Using the data below, restate exactly every line from the one with "Grants Auto Trim" up to and including the one with "Russia's Svetlana Kuznetsova". No picture belongs in it.

→ LISTED ENTRIES
[Start of Attachment]

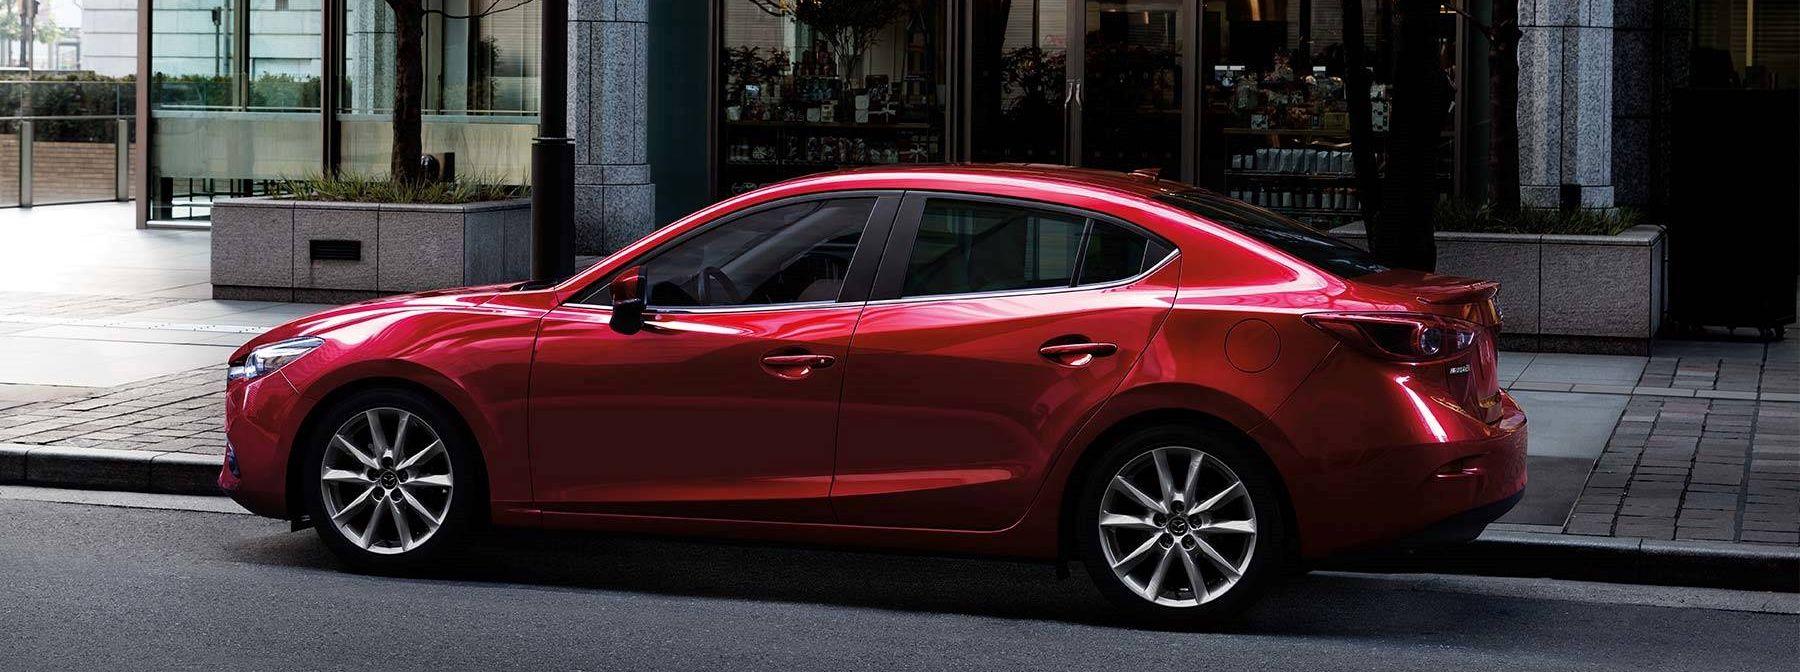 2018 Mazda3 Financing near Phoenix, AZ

[End of Attachment]
[Start of Attachment]

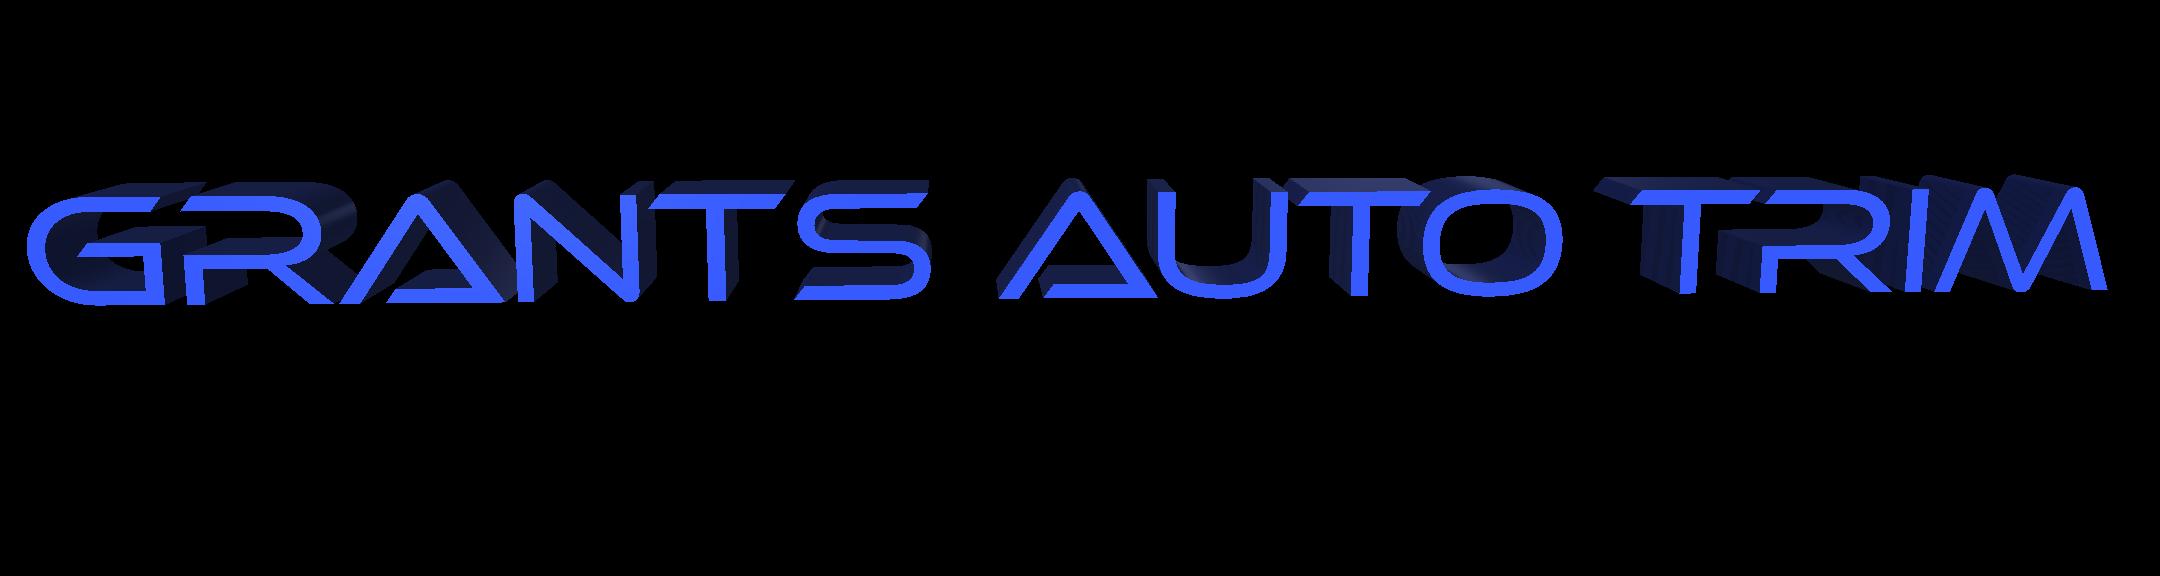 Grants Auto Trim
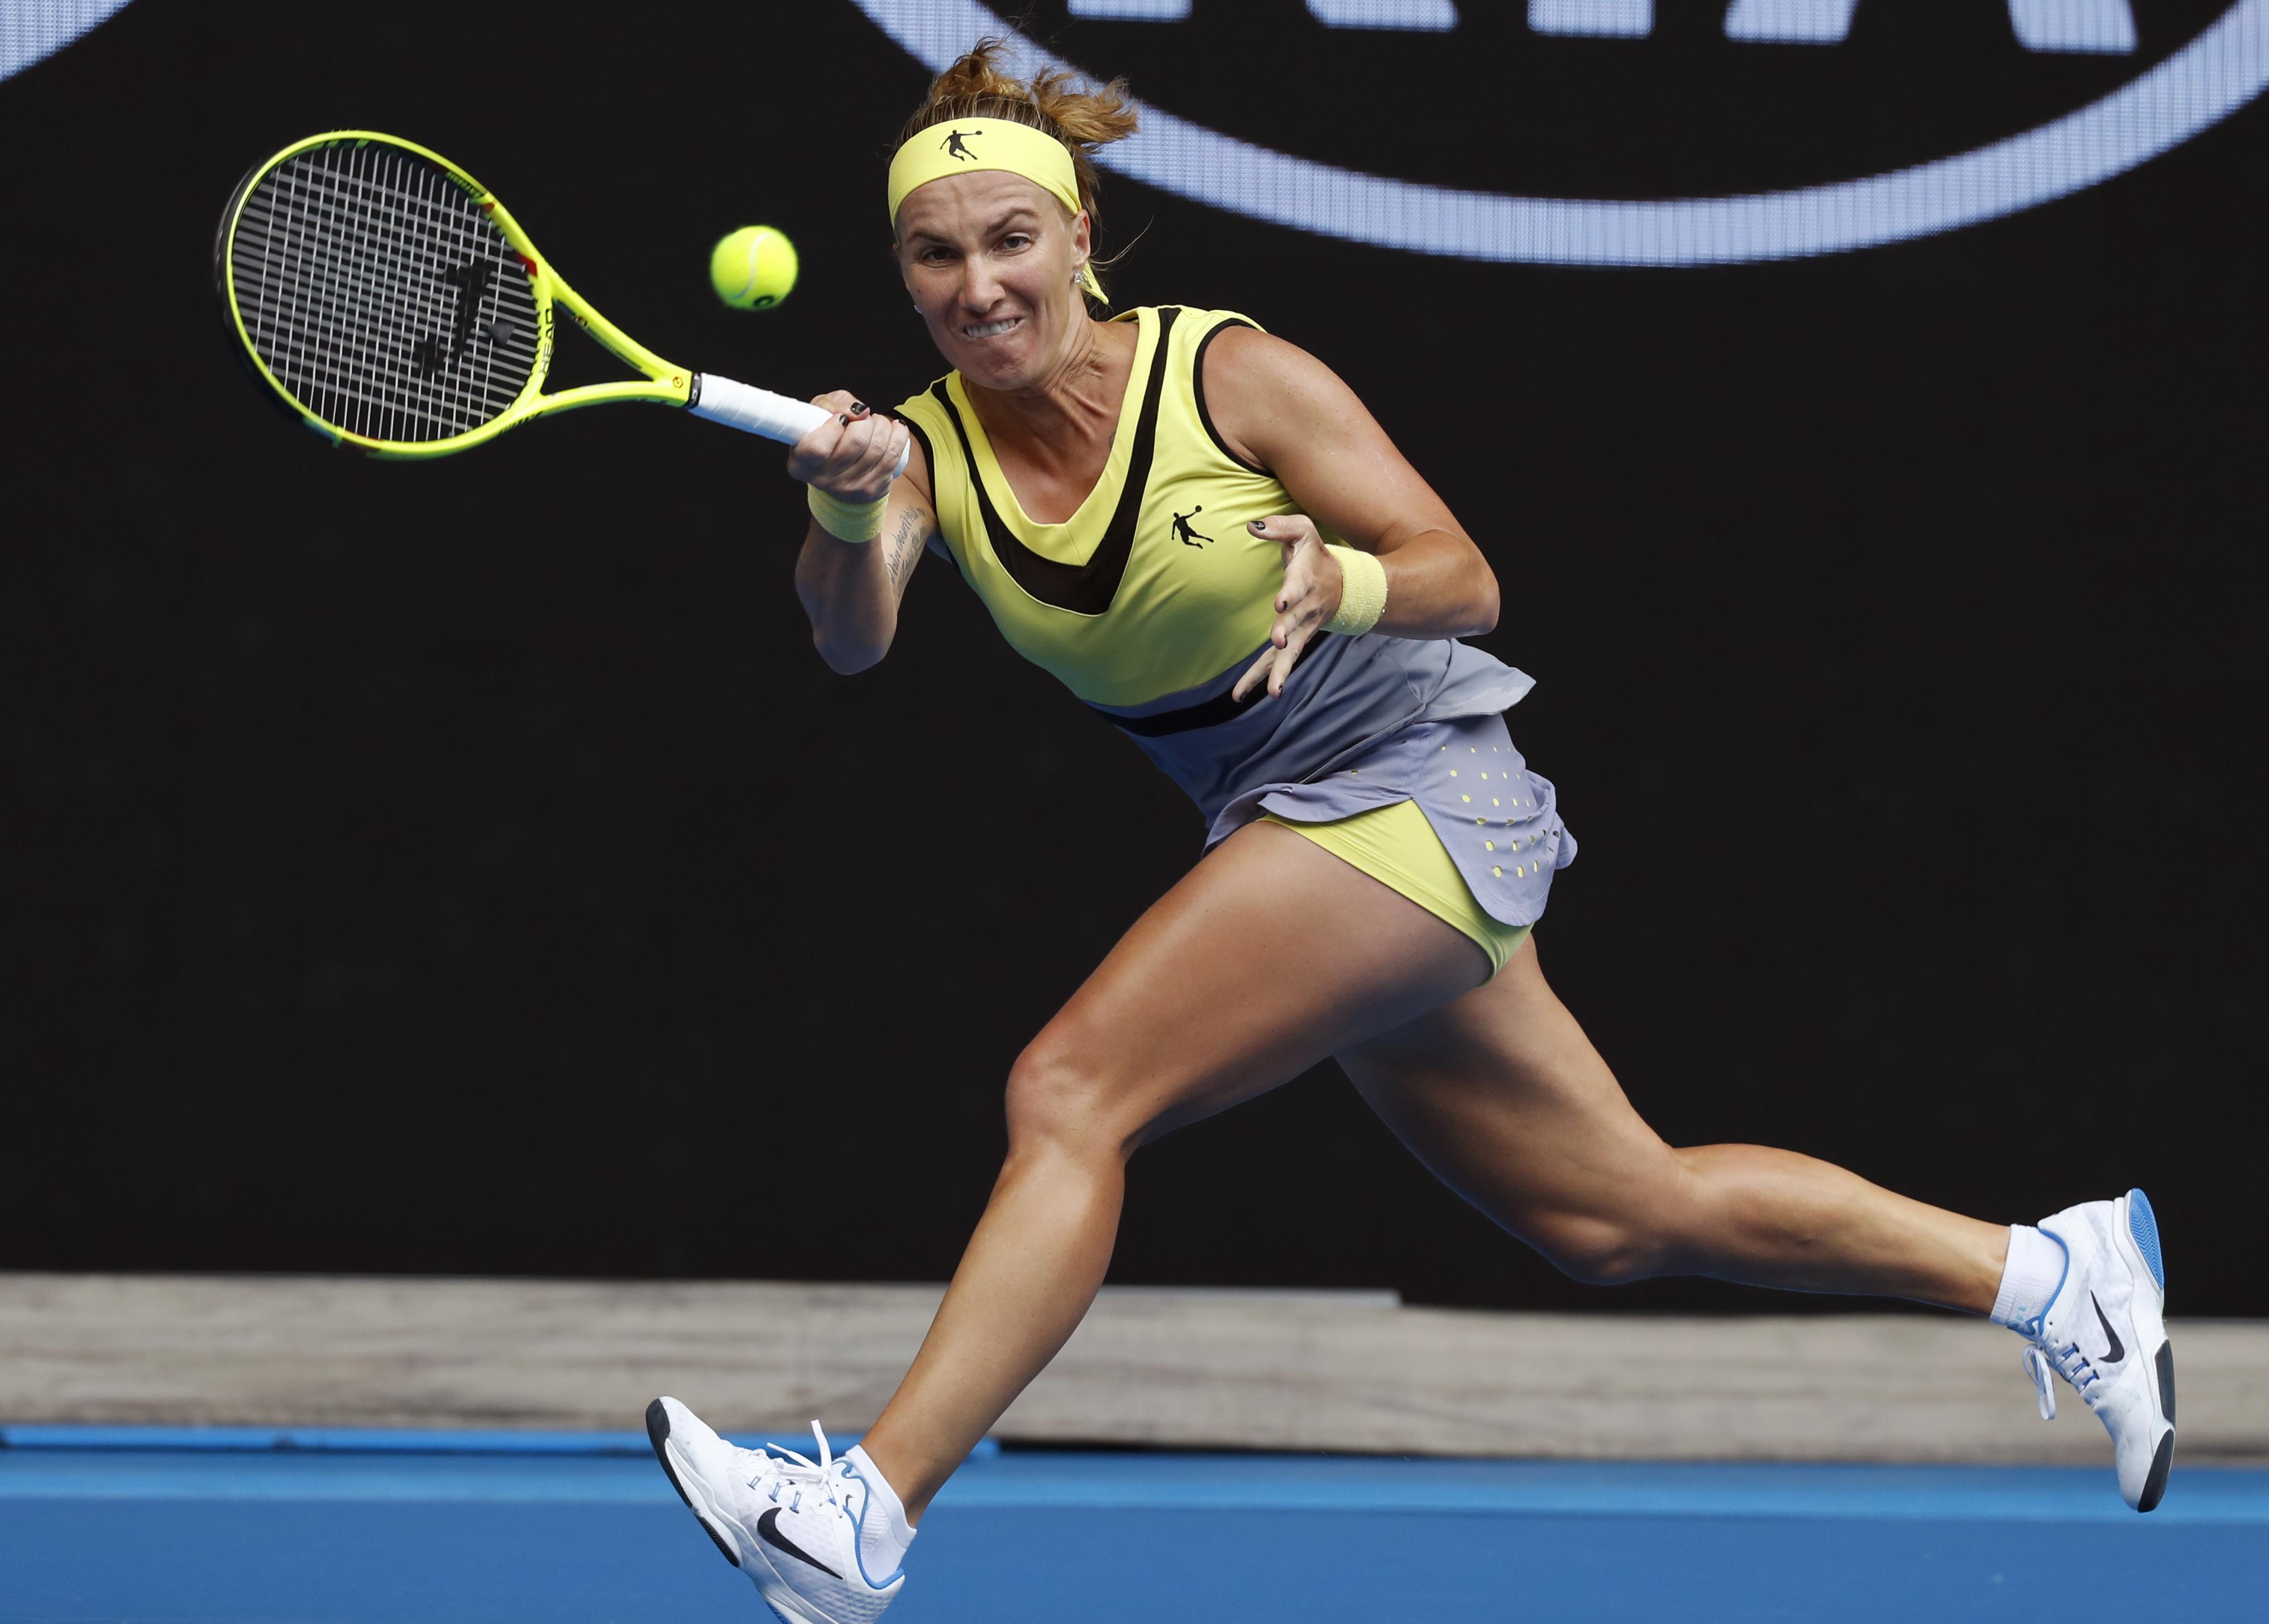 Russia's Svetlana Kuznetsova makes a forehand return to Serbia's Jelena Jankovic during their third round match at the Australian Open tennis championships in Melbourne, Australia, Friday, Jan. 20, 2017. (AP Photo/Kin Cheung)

[End of Attachment]
[Start of Attachment]

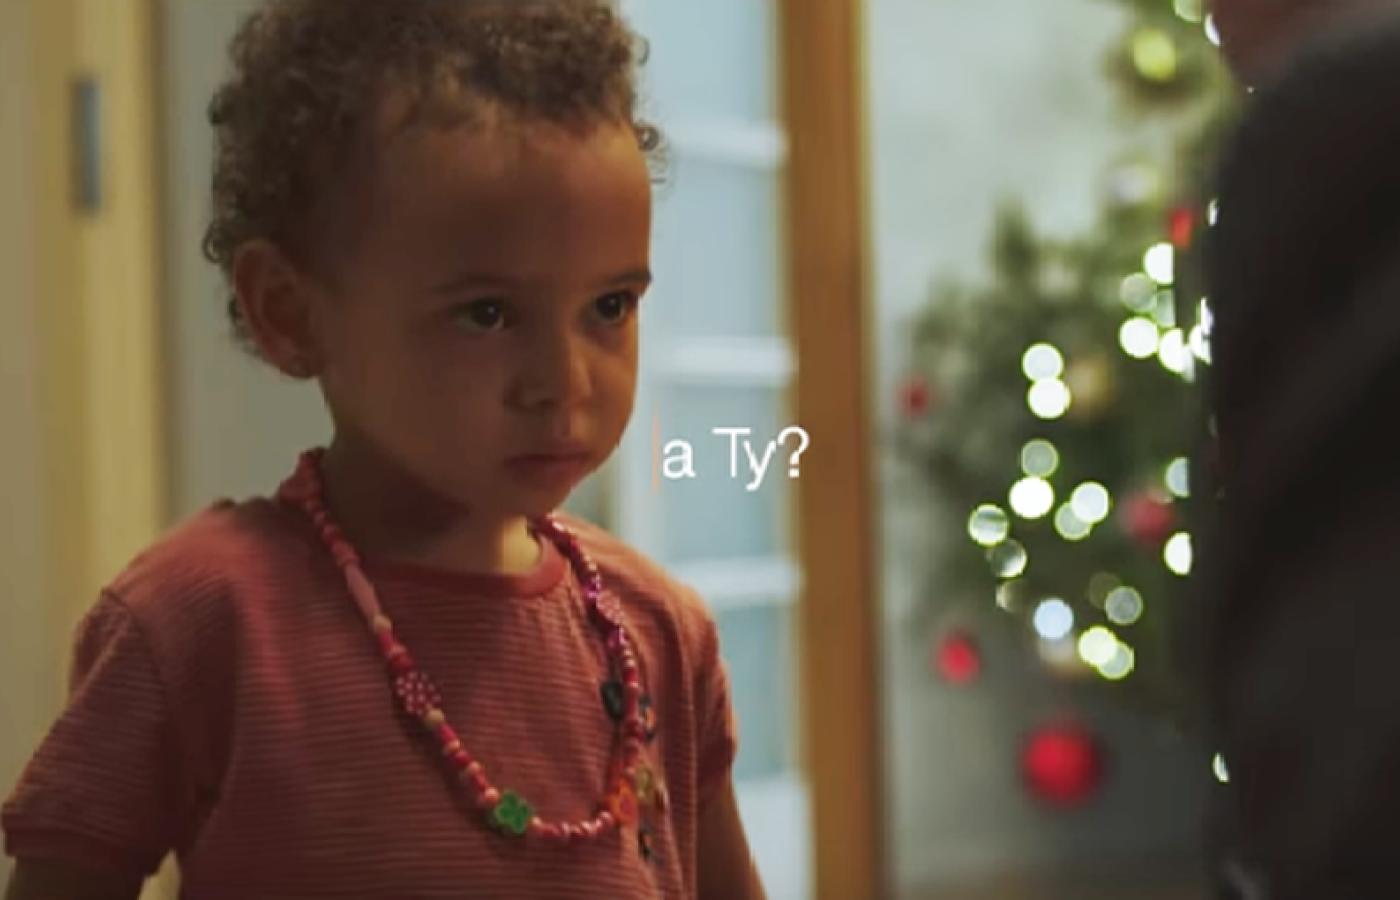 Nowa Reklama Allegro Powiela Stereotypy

[End of Attachment]

→ REPLY
 Grants Auto Trim
 Russia's Svetlana Kuznetsova makes a forehand return to Serbia's Jelena Jankovic during their third round match at the Australian Open tennis championships in Melbourne, Australia, Friday, Jan. 20, 2017. (AP Photo/Kin Cheung)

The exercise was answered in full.